Money expert Martin Lewis has launched a scathing critique of Government plans to freeze student loan repayment thresholds, labelling the proposal a "breach of natural justice" that could cost graduates hundreds of pounds annually.
Graduates Face Higher Repayments Under Freeze Plans
Graduates who completed university within the last fifteen years could see significantly larger deductions from their pay packets if new Government proposals proceed. Former students in well-paid positions might find themselves taking home substantially less each month under the planned changes.

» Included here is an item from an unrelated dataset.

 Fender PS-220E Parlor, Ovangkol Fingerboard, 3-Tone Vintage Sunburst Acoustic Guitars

In her second Budget announcement last November, Chancellor Rachel Reeves revealed that from April 2027, the repayment threshold for Plan 2 student loans would remain frozen at £29,385 for three consecutive years. This decision has sparked considerable controversy within financial circles and among affected graduates.

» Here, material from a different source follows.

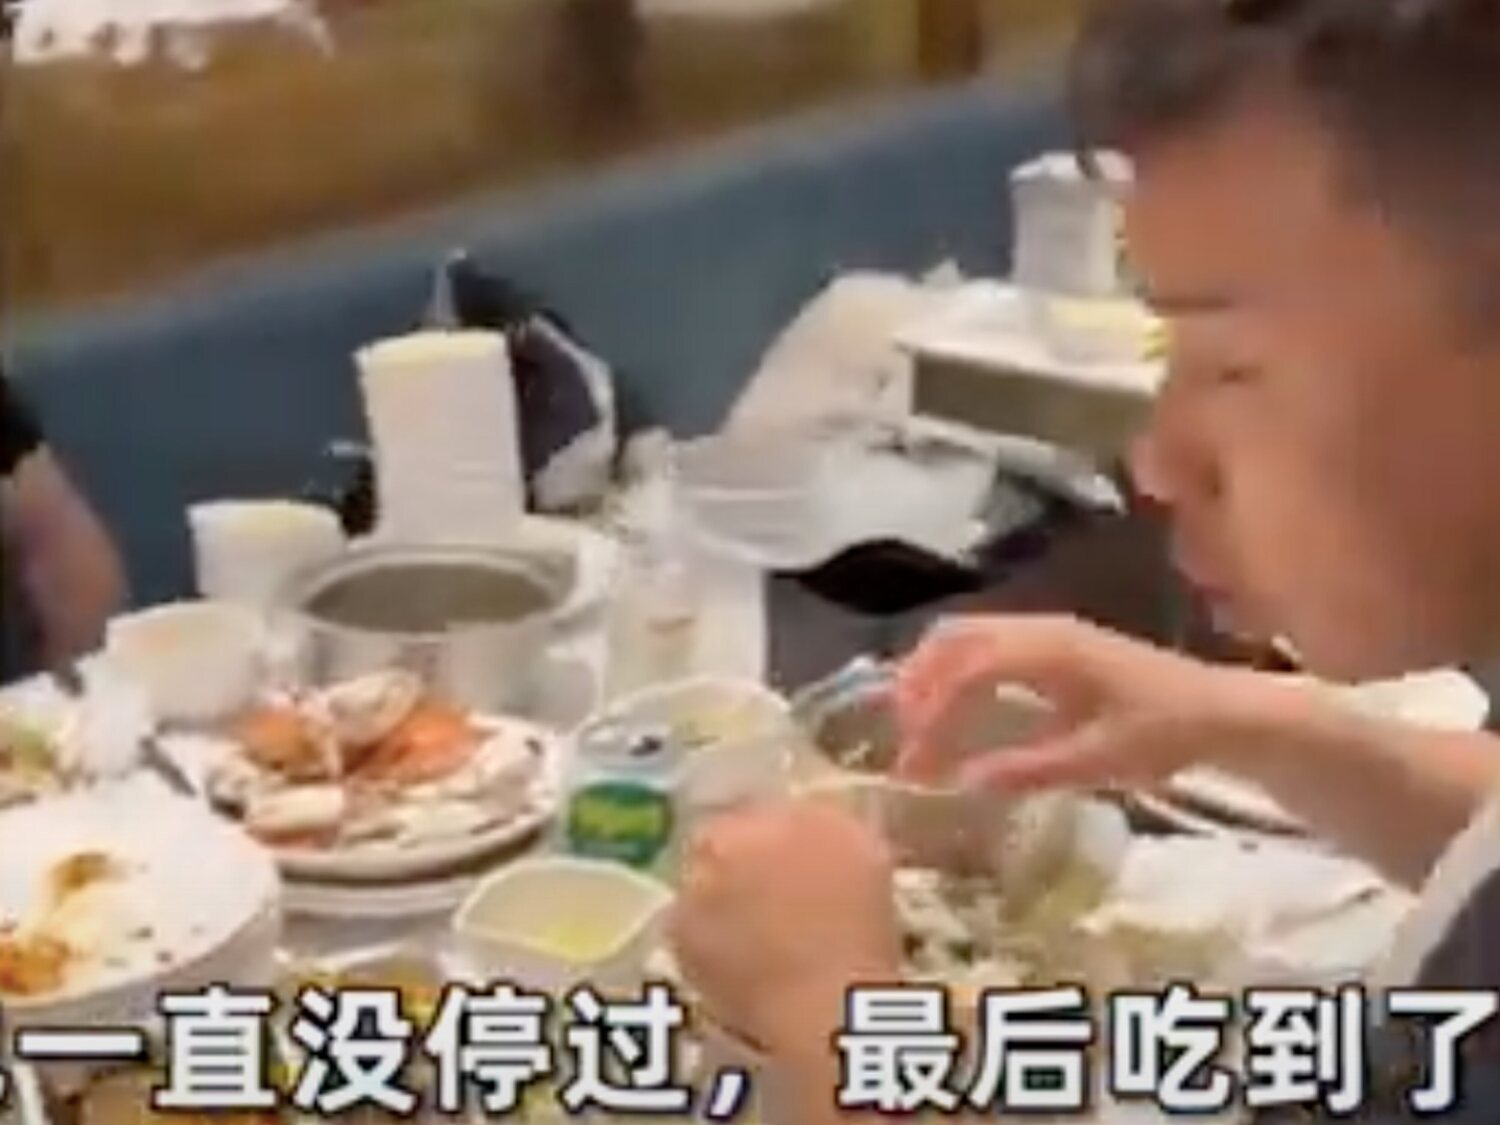 El viral que arrasa: siete amigos se comen 300 cangrejos y 80 postres en un buffet por "recuperar la inversión"

Martin Lewis's Strong Criticism
Taking to social media platform X, Martin Lewis delivered a powerful condemnation of the Government's approach. He asserted that individuals currently holding Plan 2 loans "will repay more" if the threshold remains frozen following the Chancellor's announcement.
"When you freeze a tax threshold, as average earnings and inflation are rising, people have more earnings above the threshold," Lewis explained. "Therefore, they pay a greater proportion of their income in tax. The repayment threshold for Plan 2 student loans operates in exactly the same way. When you freeze it, as people have more earnings above the threshold, they will repay more."
The financial expert suggested that by 2030, former graduates could be paying approximately £250 more annually than they currently do. He further characterised the repayment system for Plan 2 students' education loans as functioning similarly to a "graduate tax."
Understanding Plan 2 Student Loans
Plan 2 student loans apply specifically to English undergraduate students who commenced their courses anywhere in the United Kingdom between September 2012 and July 2023. Welsh students who began their studies since September 2012 also fall under the Plan 2 repayment system.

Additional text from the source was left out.